Au regard de notre analyse de l’appareil de formation, les solutions préconisées pour faire baisser le taux de chômage des actifs du territoire paraissent peu appropriées :

  1. Former à l’avance les élèves d’une classe d’âge (par ex ceux qui sont nés en 2000) aux futurs emplois escomptés dans 10 ans ? Le solde migratoire étant négatif, on enregistre une importante rotation de la population qui rend inopérant un tel objectif.
  2. Tout miser sur le développement de Roissy : s’agissant d’un pôle métropolitain, le pôle offre un éventail très restreint de métiers (une centaine). La poursuite de son développement est entachée d’incertitudes. Dans ces conditions, il n’est pas recommandé de spécialiser fortement l’appareil de formation, restreignant d’autant les possibilités d’embauche de la main d’œuvre locale.
  3.  Rajouter un pôle métropolitain comme EuropaCity de mêmes caractéristiques que Roissy de plus positionné sur des créneaux d’activités déjà pléthoriques sur le territoire, apparaît particulièrement inapproprié. L’implantation d’EuropaCity (avec son spectre très étroit de 80 métiers offerts) constituerait une offre redondante par rapport aux besoins du territoire. Et mettre en place un système privé opérationnel de type « EuropaCity Compétences » au service d’un seul pôle aggraverait encore le décalage avec les besoins de la main-d’œuvre locale.
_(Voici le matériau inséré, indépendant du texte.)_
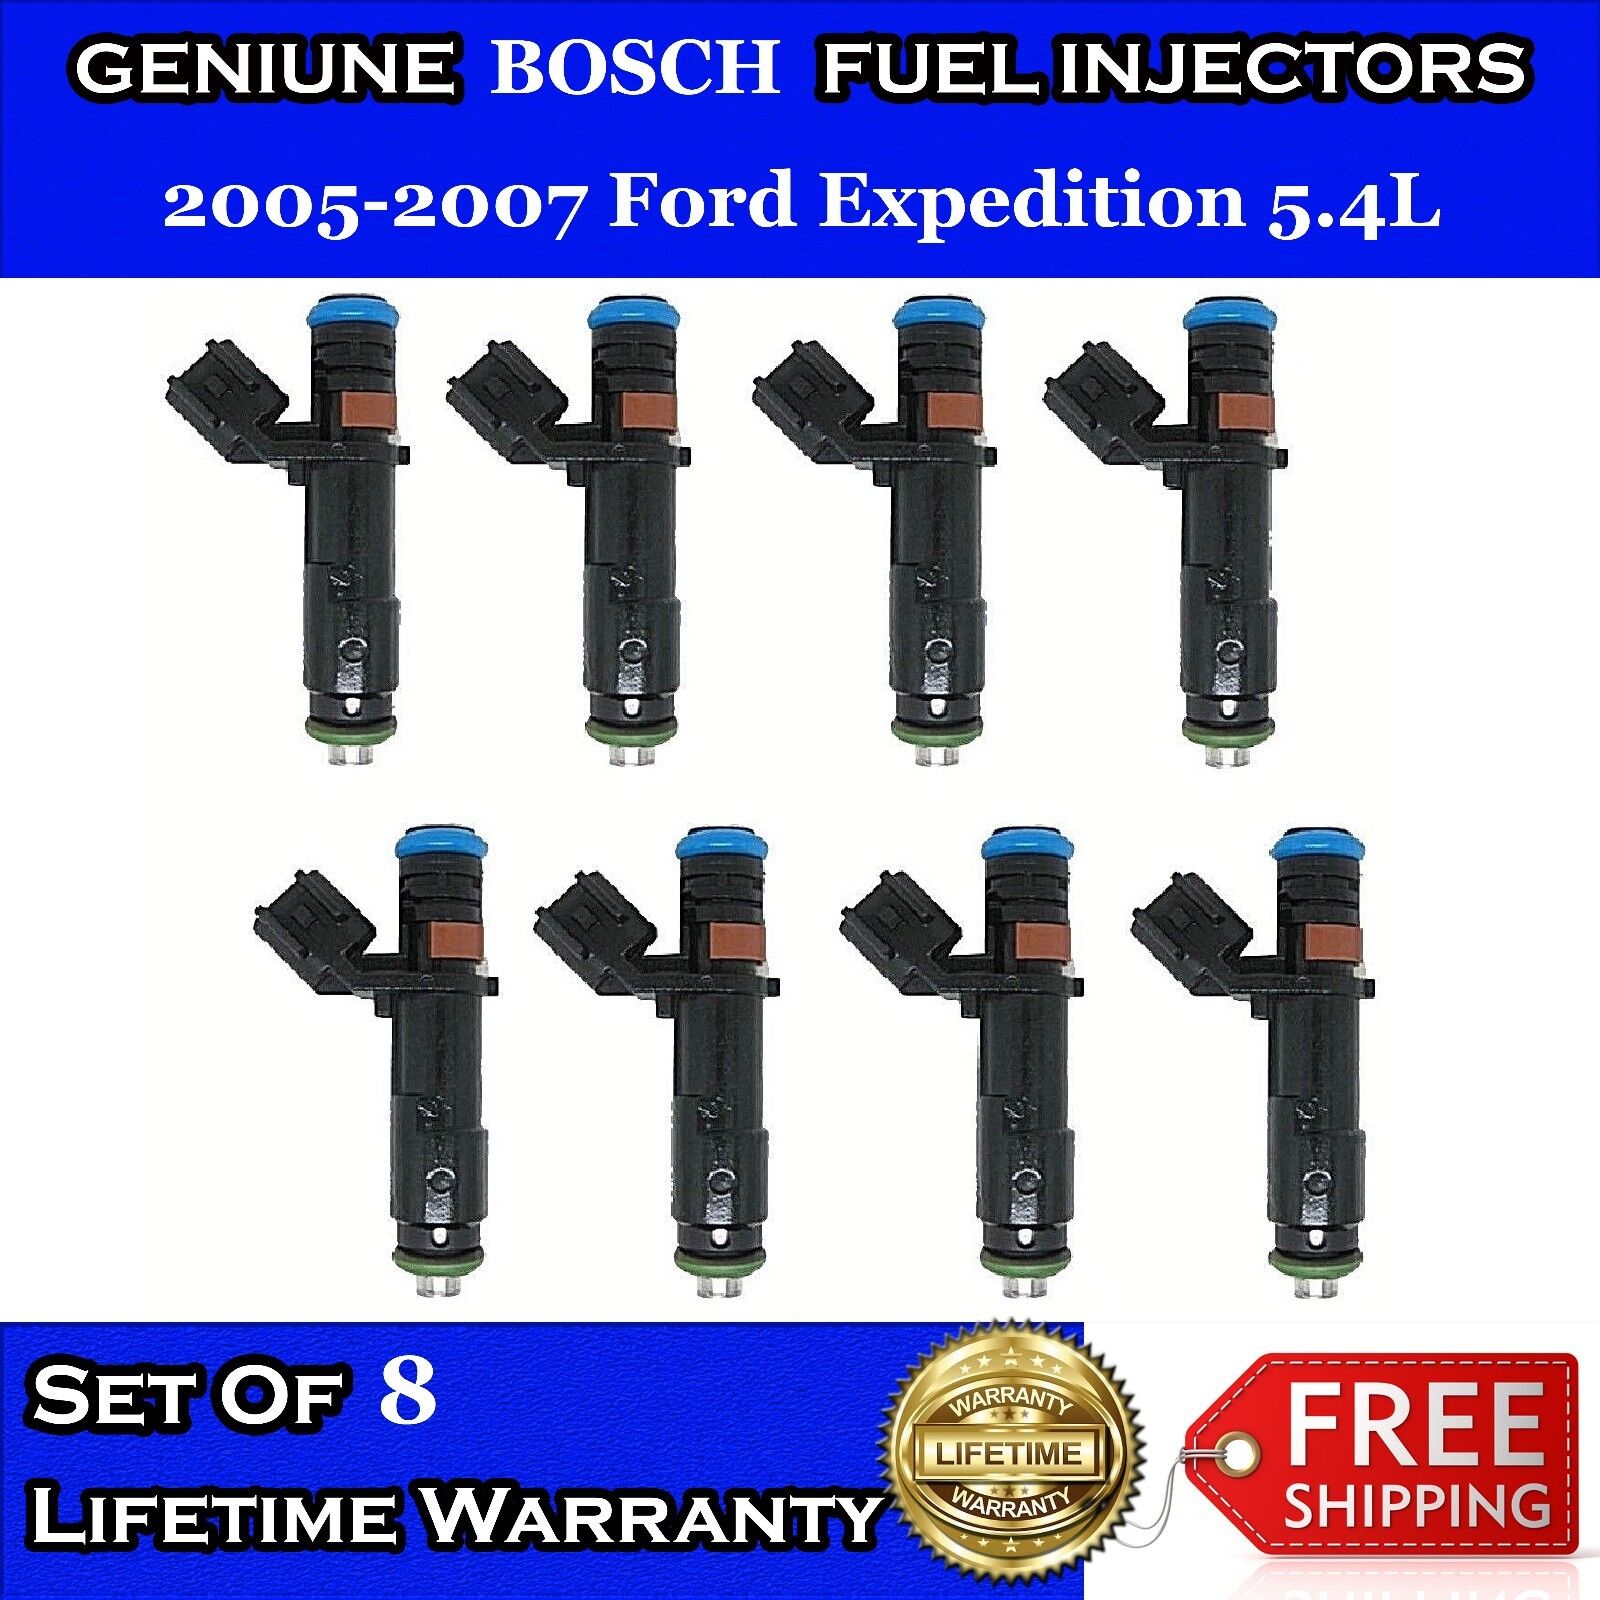 UPGRADED 4 HOLE OEM Bosch Fuel Injectors for 2005-2007 Ford Expedition 5.4L V8

Les solutions pertinentes doivent porter au contraire sur :

  • un appareil de formation mettant l’accent sur les premiers niveaux de formation initiale, sur l’ouverture à des champs de compétences larges, développant le champ des possibles et l’adaptabilité ;
  • la diversification des pôles d’emplois :
    • le développement des emplois locaux des villes  : des services de proximité ;
    • l’accès à des bassin d’emplois diversifiés et offrant des emplois peu qualifiés : les pôles de Saint-Denis et de Paris rive droite (Paris-Nord, Quartier Central des Affaires).